-- Material provided follows --
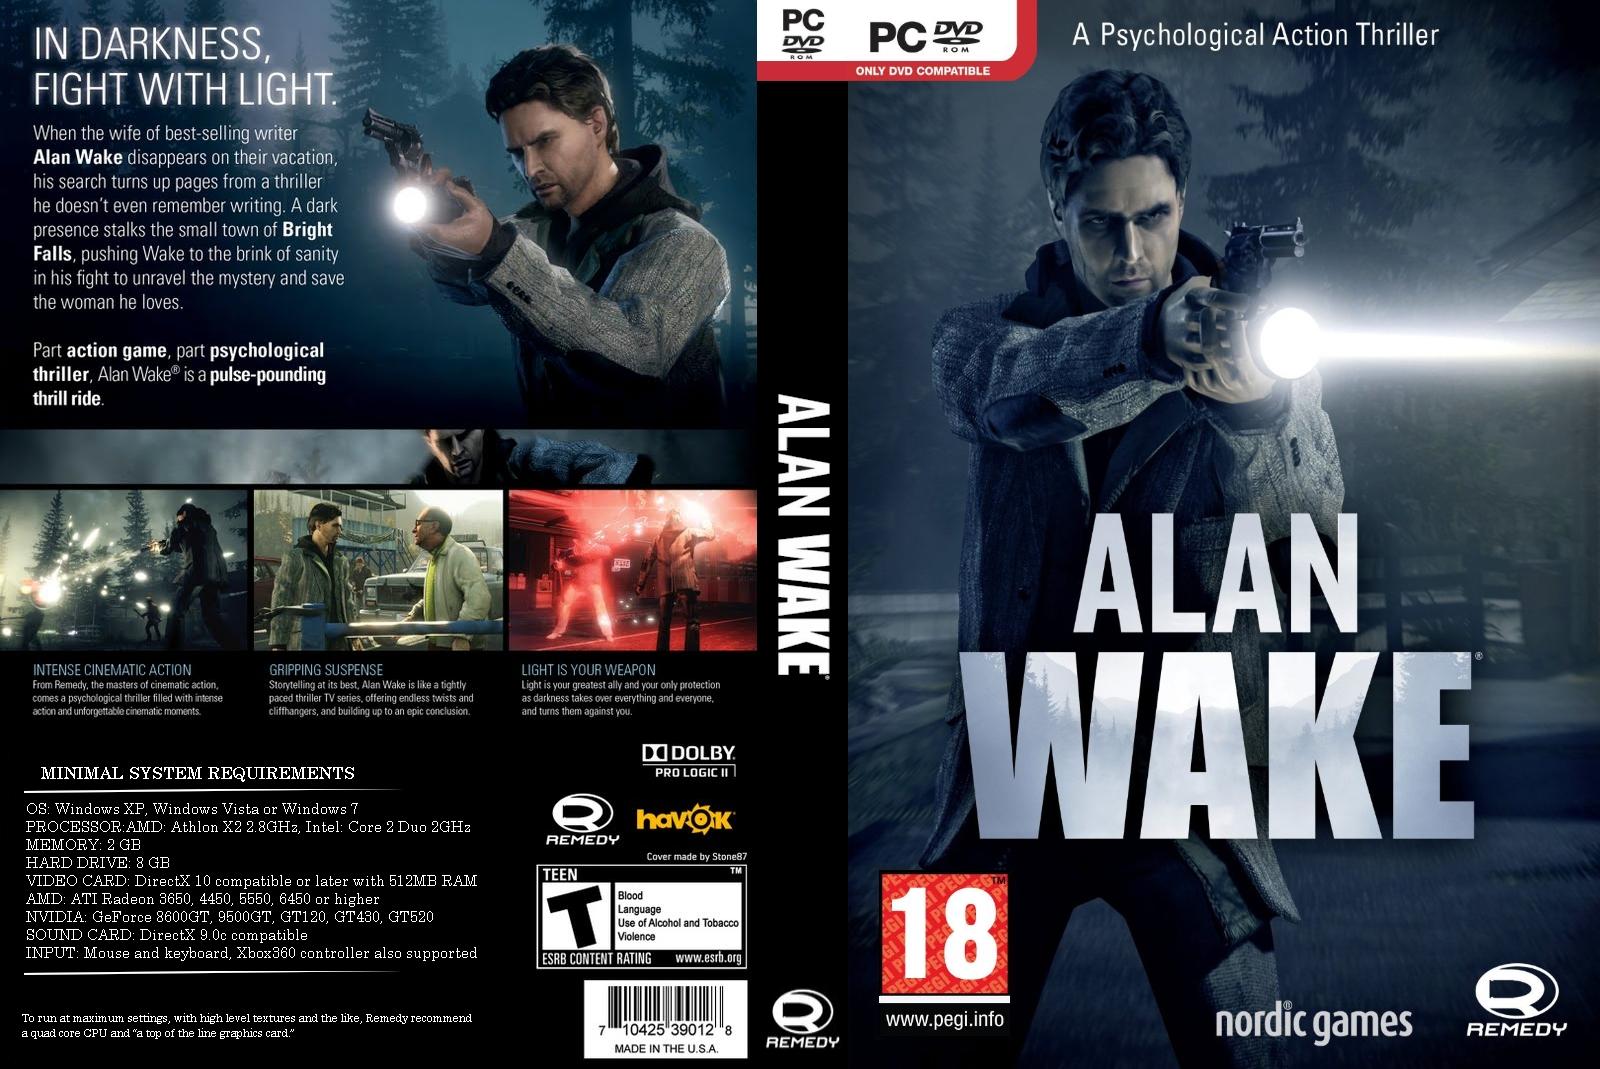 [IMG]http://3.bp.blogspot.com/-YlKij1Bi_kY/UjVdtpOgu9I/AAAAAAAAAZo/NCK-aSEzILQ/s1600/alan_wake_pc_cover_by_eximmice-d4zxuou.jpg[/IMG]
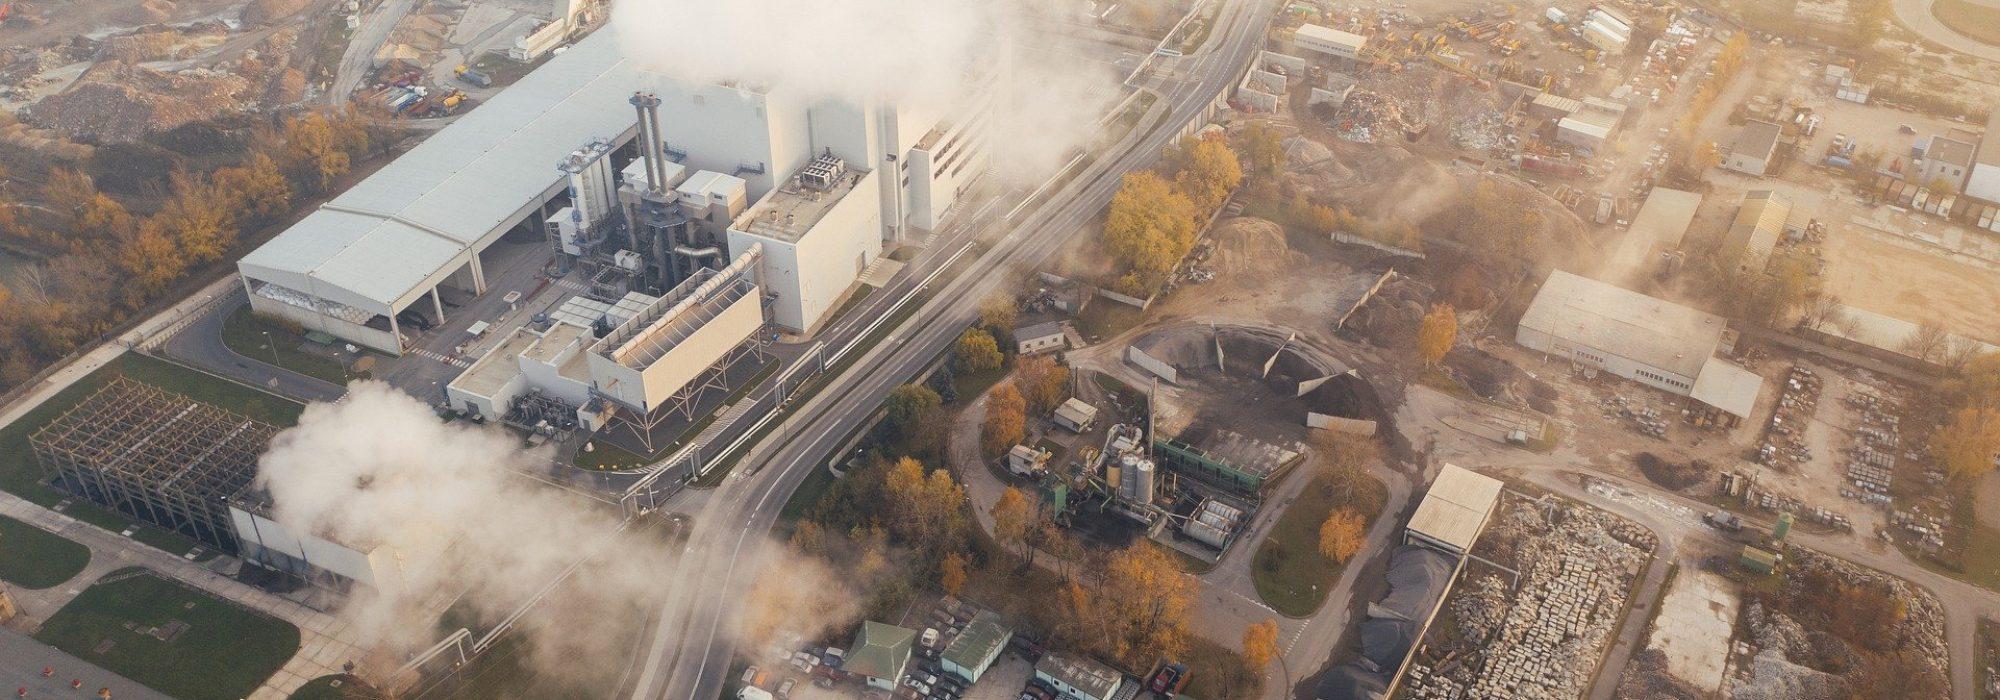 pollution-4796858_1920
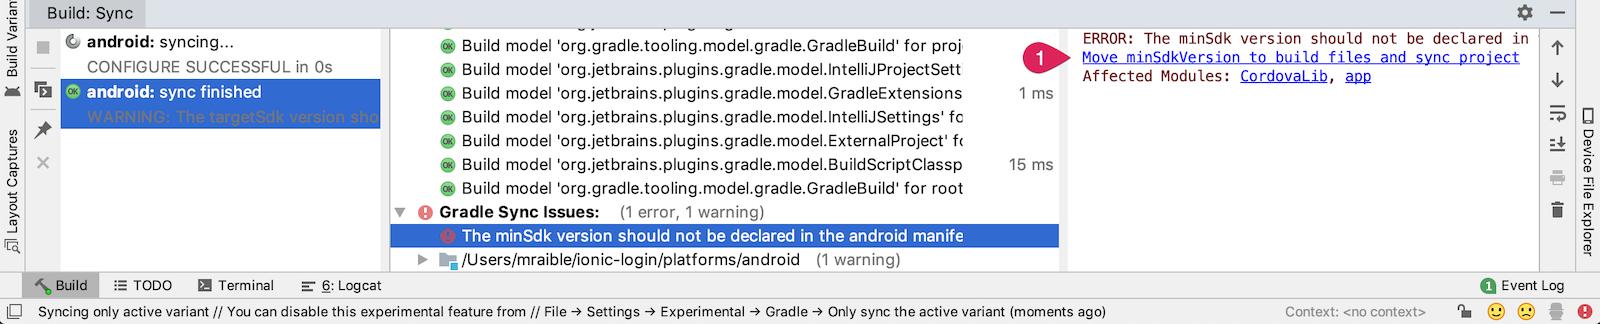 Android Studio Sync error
-- Material provided concluded --
-- Material provided follows --
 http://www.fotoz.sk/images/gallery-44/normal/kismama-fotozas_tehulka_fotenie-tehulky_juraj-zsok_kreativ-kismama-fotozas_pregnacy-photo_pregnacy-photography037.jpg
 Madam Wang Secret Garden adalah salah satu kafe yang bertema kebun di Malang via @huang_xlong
-- Material provided concluded --
-- Material provided follows --
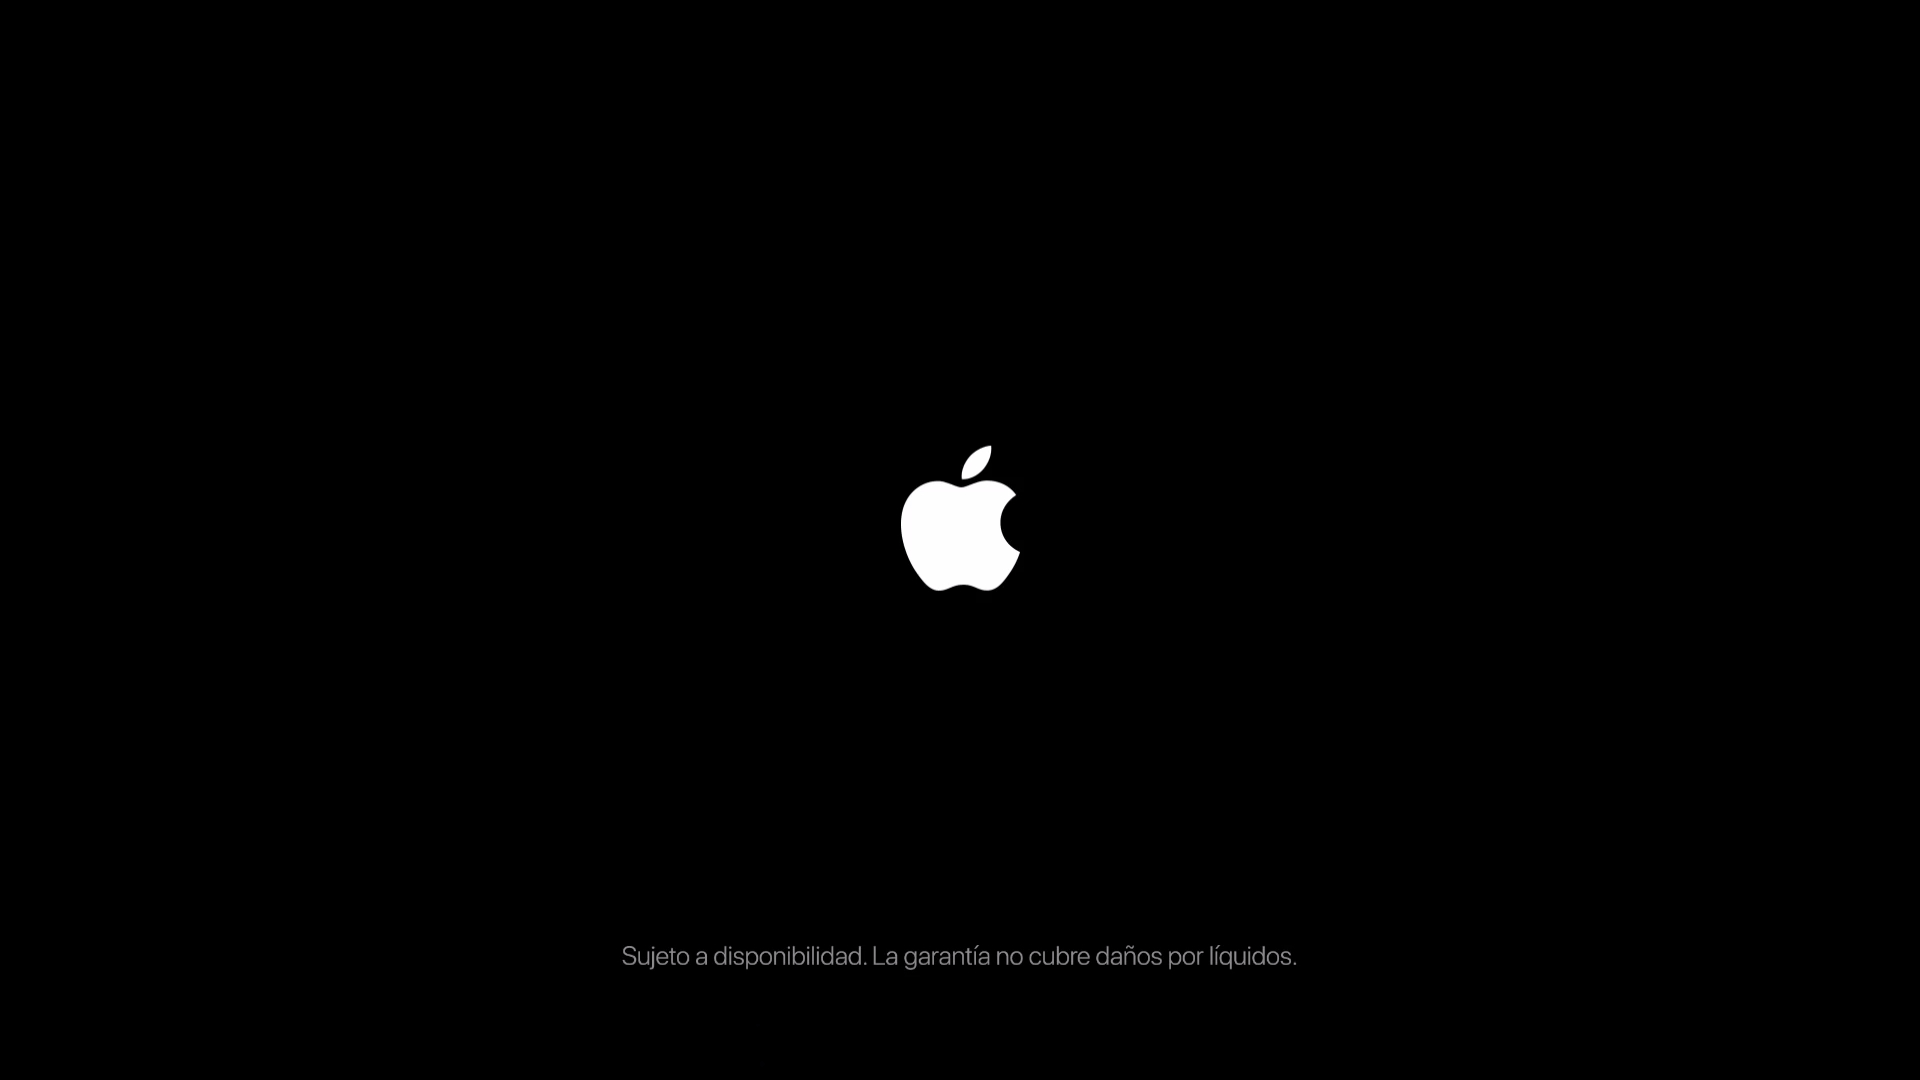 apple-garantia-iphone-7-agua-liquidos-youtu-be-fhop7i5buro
-- Material provided concluded --
The task
Above, find the line holding "pollution-4796858_1920" and the line holding "Android Studio Sync error". Print exactly those two lines and every line between them, but no pictures.

Output of the task
 pollution-4796858_1920
 Android Studio Sync error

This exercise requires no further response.